■ **Problem to work on**
In the material below, find the line containing "Overhead view of" and the line containing "MBA in Germany Without a GMAT", then reproduce exactly both of them and every line between, and nothing else.

■ **Data supplied**
Start of Block

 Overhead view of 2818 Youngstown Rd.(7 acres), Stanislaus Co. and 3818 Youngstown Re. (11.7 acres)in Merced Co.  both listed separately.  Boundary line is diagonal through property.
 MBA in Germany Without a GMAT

End of Block
Start of Block

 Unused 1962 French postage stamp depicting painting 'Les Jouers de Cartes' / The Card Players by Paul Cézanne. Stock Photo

End of Block

■ **Answer for this exercise**
 Overhead view of 2818 Youngstown Rd.(7 acres), Stanislaus Co. and 3818 Youngstown Re. (11.7 acres)in Merced Co.  both listed separately.  Boundary line is diagonal through property.
 MBA in Germany Without a GMAT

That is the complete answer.